Now, let’s talk about Chapter 1—or as I like to call it, “The Point Where Logos Took a Permanent Vacation.” Max, your protagonist, is a brooding orphan who wakes up, scowls, sighs, and walks around in a haze of nihilism. We’re supposed to care about his rise to power in a dangerous gang-infested city, but instead, we watch him contemplate breakfast and mutter edgy lines about how everyone deserves to die. I get it, he’s supposed to be cynical and jaded—but cynicism alone isn’t a personality. You can’t throw around phrases like, “I’m a criminal in a world of criminals,” and expect readers to go, “Oh, so deep.” Show us why Max is cynical. Show us what drives him. Instead, you’ve handed us a protagonist with the emotional depth of a puddle and expect us to wade in like it’s a swimming pool.

And let’s not forget the gangs, which are supposedly central to the plot but feel about as threatening as a neighborhood watch group with cooler nicknames. Azrael? Raguel? Jegudiel? What is this, a cosplay meetup for angel enthusiasts? Where’s the grit, the danger, the sense that these people are anything more than edgy roleplayers? You expect me to believe Max is vying for a lieutenant spot in this so-called “criminal empire” when he spends most of his time sighing into his hoodie and dodging cafeteria food fights? If this is your idea of tension, I’d hate to see your idea of a climax.

Speaking of the cafeteria, let’s tackle Chapter 3, where ethos crawled into a ditch and died.

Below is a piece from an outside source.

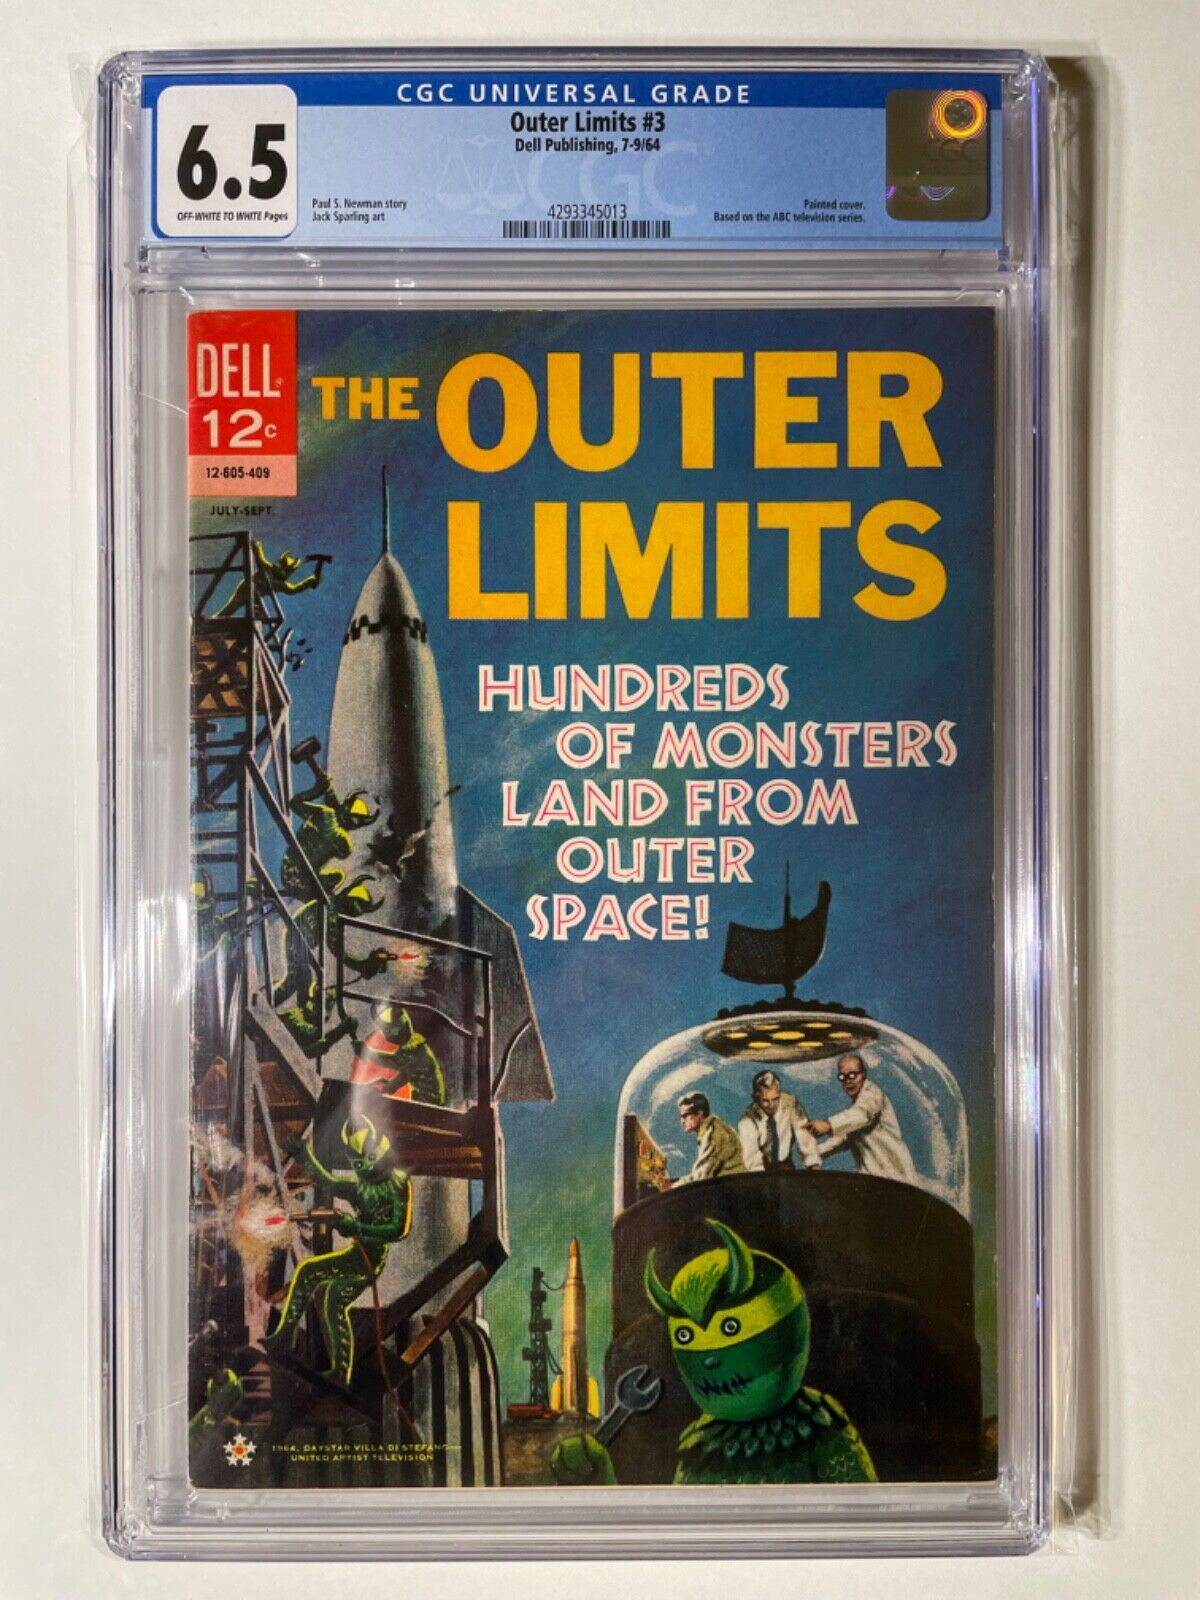 OUTER LIMITS #3 CGC 6.5 OFF WHITE/WHITE PAGES CLASSIC SCI-FI TV SHOW

Here comes Gabby, the quirky love interest, sauntering onto the scene with her finger-poking antics and cutesy banter. This is where you want me to start investing emotionally, isn’t it? Too bad. I don’t care about Gabby, and I don’t care about Max’s awkward thigh-rubbing moments because you’ve done nothing to make me care. Their relationship is supposed to add warmth to the story, but instead, it feels like filler—fluffy, pointless filler that adds nothing to the plot or characters. Don’t even try the “character-driven story” excuse. If this is a character-driven story, then your characters need actual depth. Gabby is a walking trope. Max is a mopey mess. Draco is a cartoon psycho, and Ava is the kind of “smart girl” that exists solely to roll her eyes at everyone else’s stupidity. None of them feel real.

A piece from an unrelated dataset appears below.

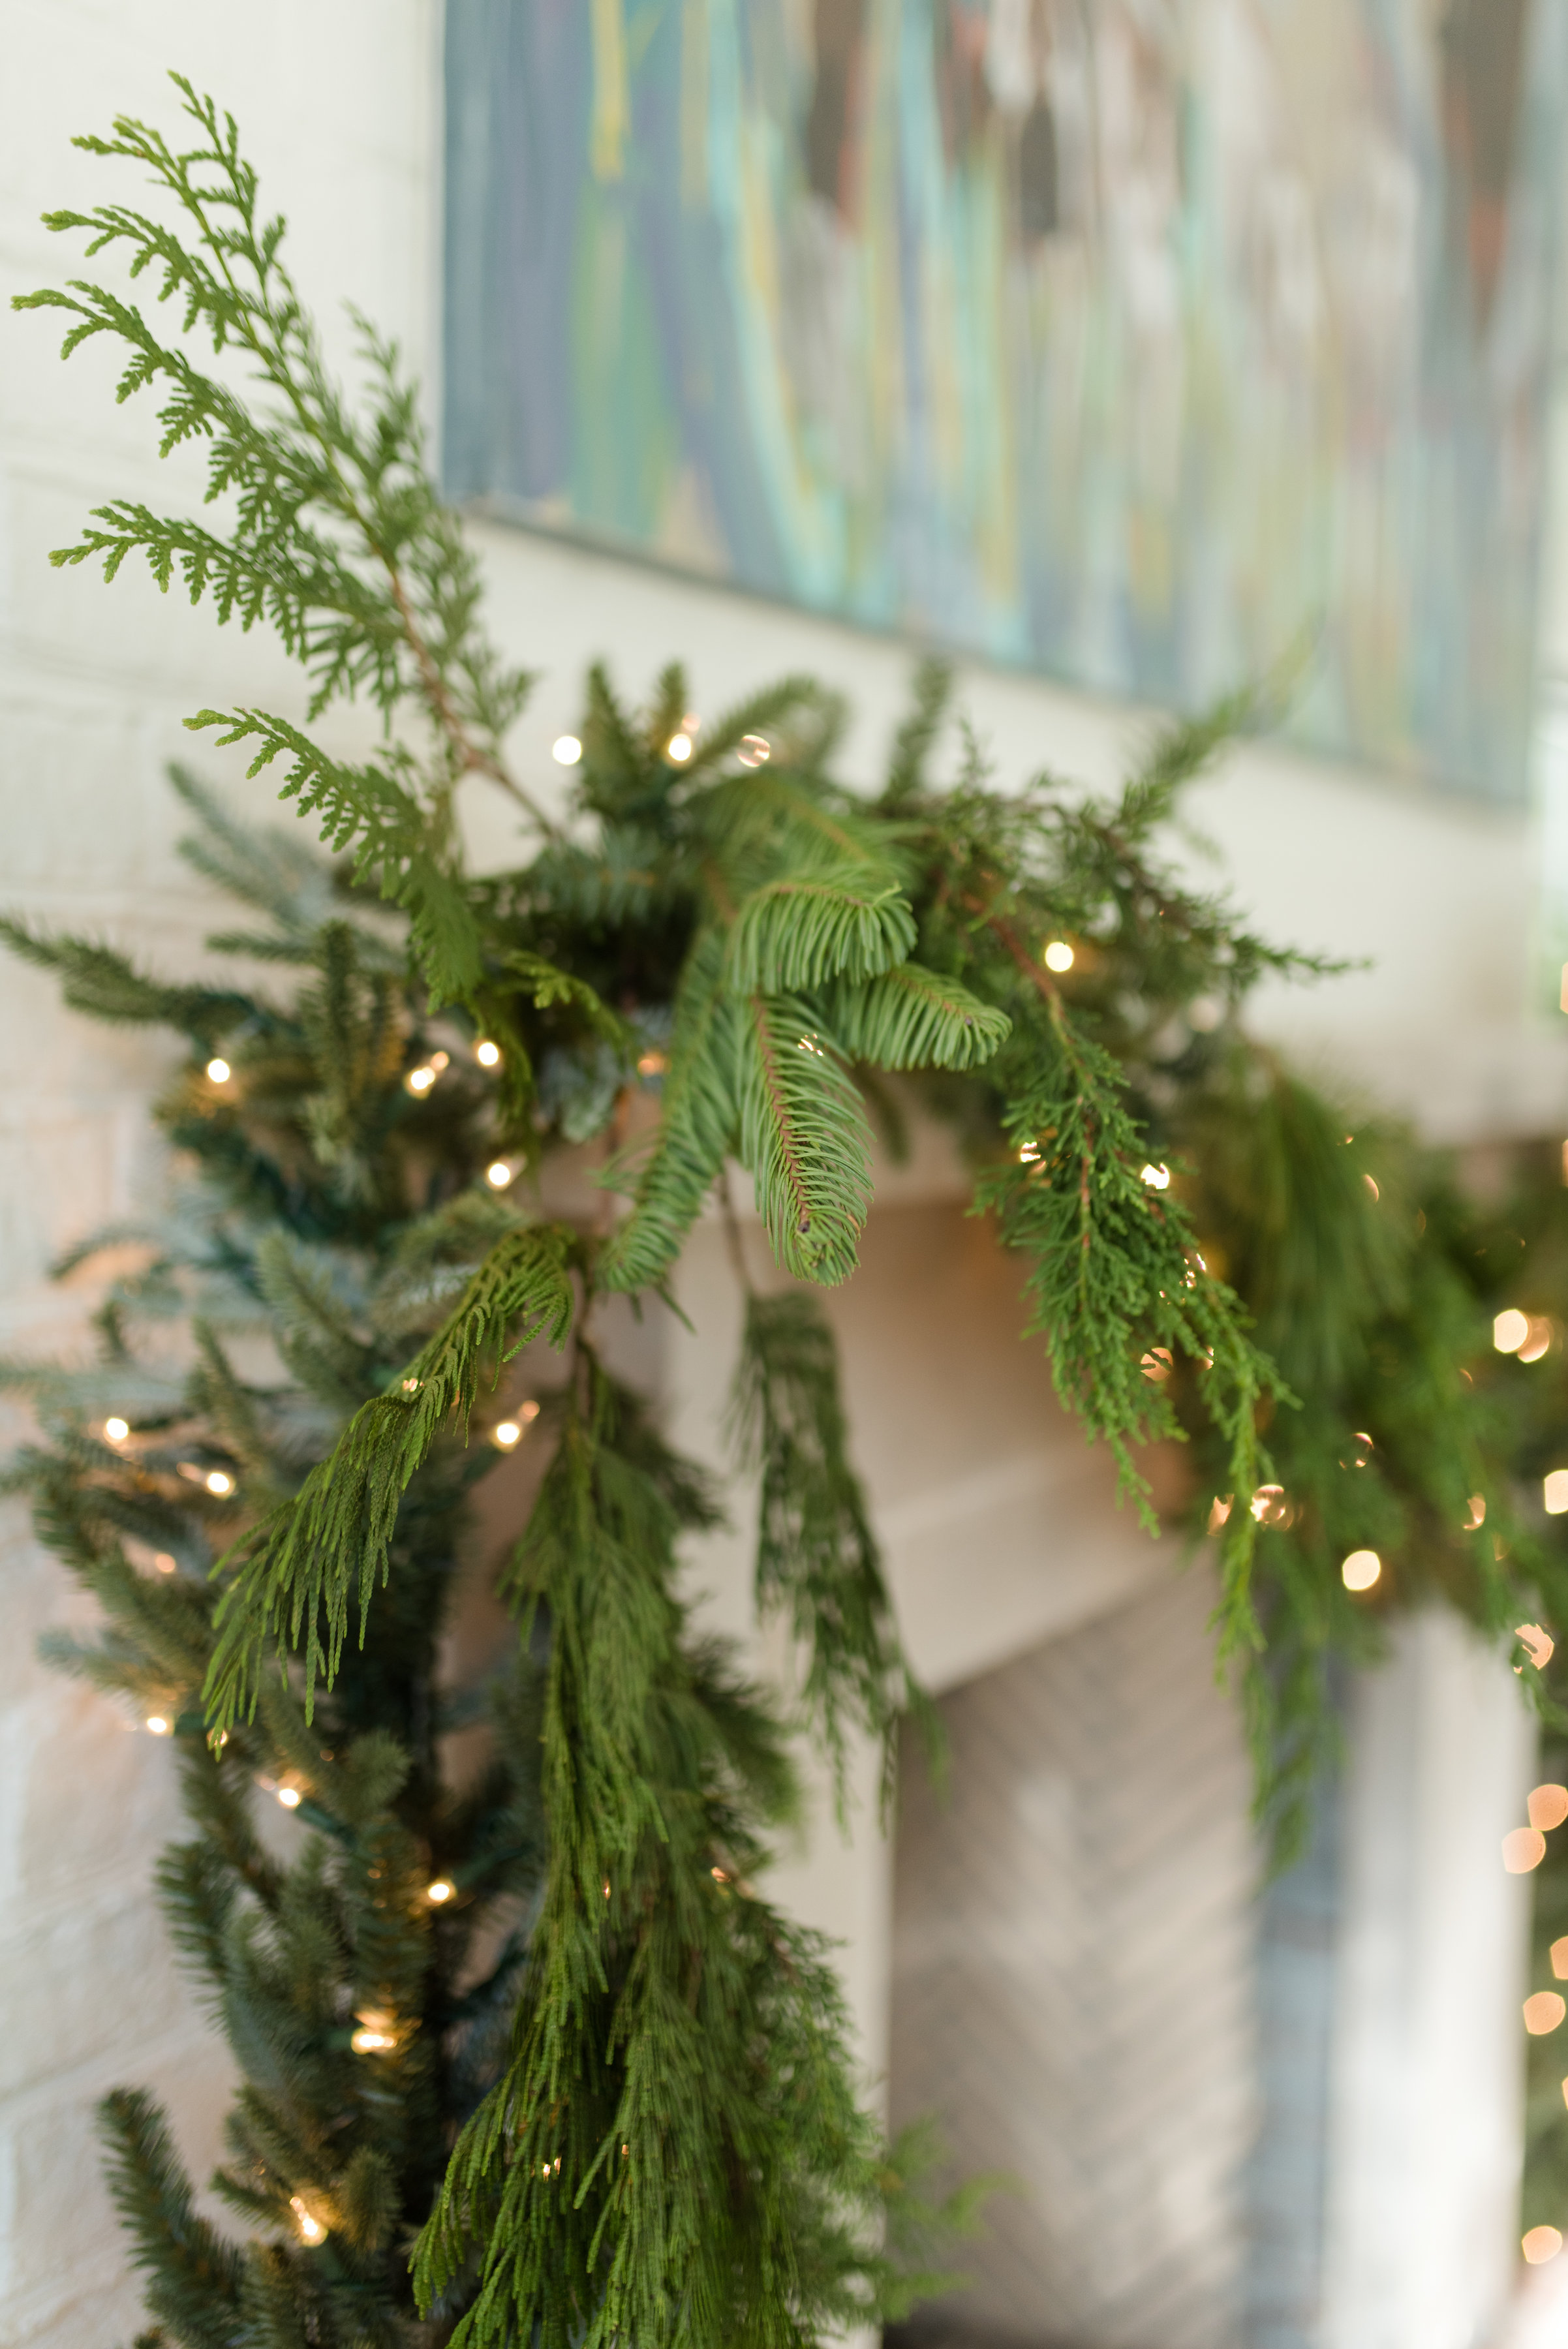 decorating your mantel for christmas on a budget

Oh, but I’m sure you’re about to say, “It’s just the opening—it gets better later.” Let me stop you right there. This isn’t a slow-burn mystery novel or a Netflix series where viewers can binge-watch ten episodes in a row. This is a webnovel. If you don’t grab readers by the throat in the first chapter, they’re gone faster than Max running from an actual decision. Pacing isn’t just an issue in your story—it’s a crime. Chapter 1 drags us through an orphanage that feels like it belongs in Max’s flashbacks, not the main plot. Chapter 2 awkwardly dumps characters into the alleyway like you’re hosting a gang-themed open mic night. And Chapter 3 wastes an entire scene on breakfast banter while the supposed main plot—the gang job—remains out of focus. You can’t claim you’re building tension if nothing actually happens.

What’s worse is the tonal whiplash. You’re trying to write a gritty gang drama, but every time we start to take the stakes seriously, the story throws us into high school hijinks or quirky one-liners. You want to show Max navigating two worlds—the gang underworld and the school life he’s trying to maintain—but you’re failing to blend them. Instead, it feels like you’re flipping between two completely different stories without any coherence. If you can’t make these worlds collide in a meaningful way, the story falls apart.

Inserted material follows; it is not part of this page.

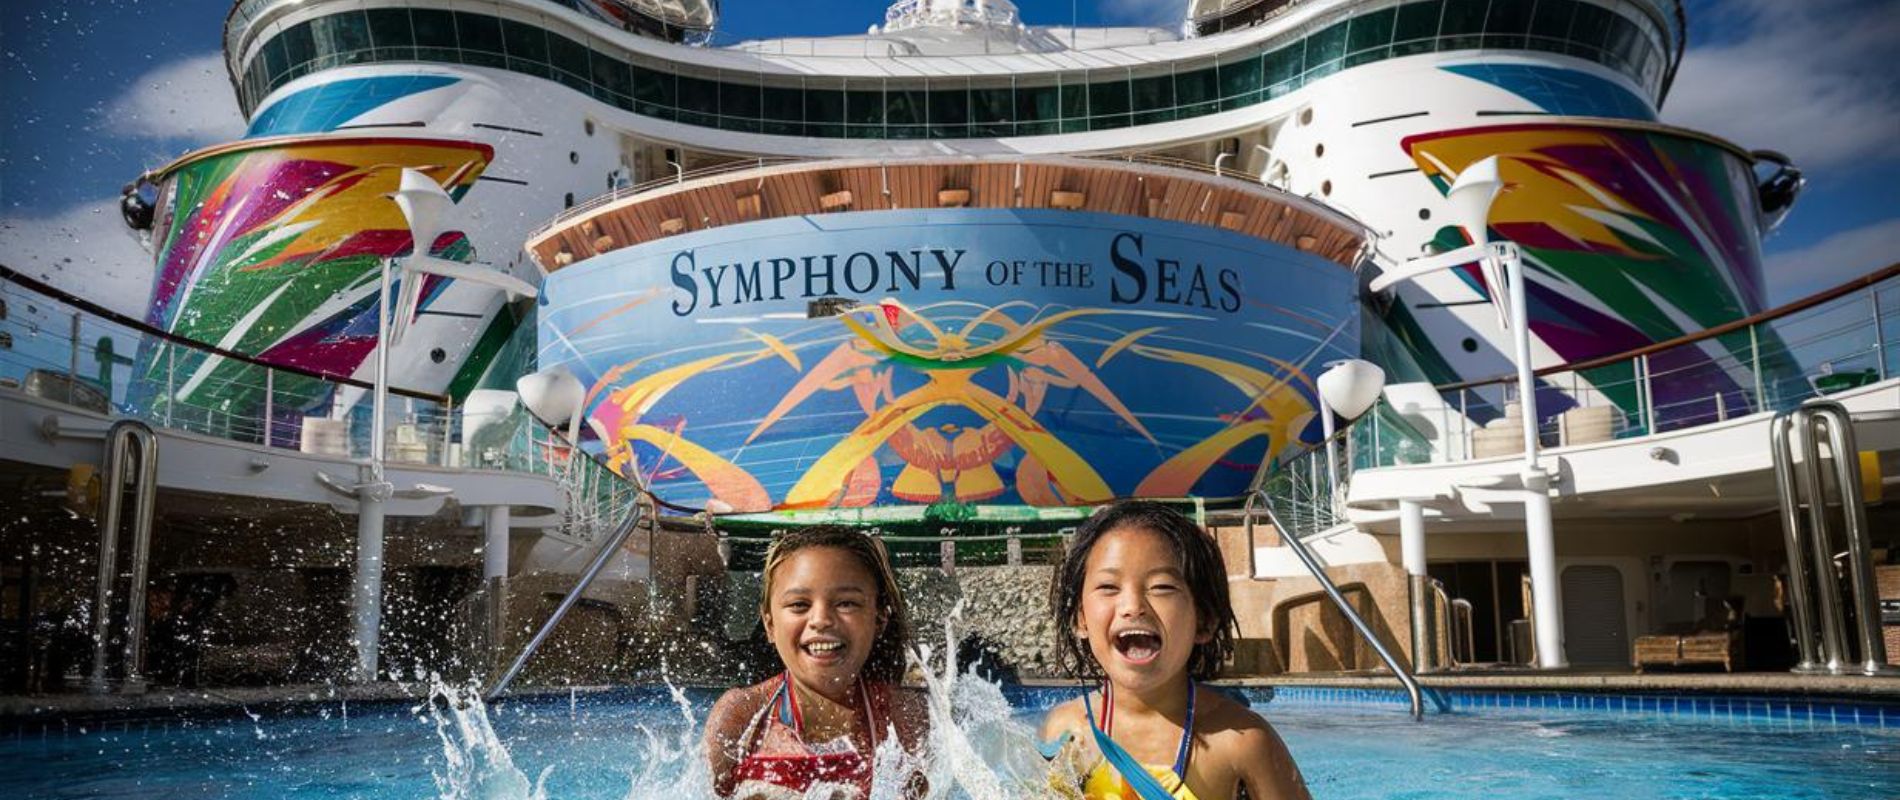 Two girls in the swimming pool on Symphony of the Seas cruise ship

And then there’s the fantasy element—or should I say, the complete lack thereof. You slapped “urban fantasy” into the premise, but three chapters in, there’s no sign of it. Don’t tell me, “It comes later.” If I wanted to wait ten chapters for a payoff, I’d go reread Bleach. Readers need a hint, a taste, something to show that this isn’t just another dime-a-dozen gang story. Right now, it’s all promise, no delivery, and no one’s sticking around for that.

Finally, your prose and dialogue—oof. Your dialogue tags are suffocating the pacing worse than the plot itself. “Max said.” “Max sighed.” “Max remarked.” Every single line feels like it’s dragging its feet, weighed down by pointless descriptions and redundant names. And stop throwing in random action beats that do nothing but clutter the scene. I don’t need to know Max furrowed his brow for the 17th time—I need him to do something worth reading about.

So, dear author, what’s the verdict? Your webnovel isn’t just underwhelming—it’s fundamentally broken. The pacing is glacial, the characters are paper-thin, and the plot is so directionless it might as well be wandering South Eden’s foggy streets looking for a purpose. If you’re serious about making this work, burn these chapters to ash and start over. Tighten the focus. Give us a protagonist worth rooting for. Flesh out your characters before throwing in new ones. And for the love of storytelling, stop wasting our time.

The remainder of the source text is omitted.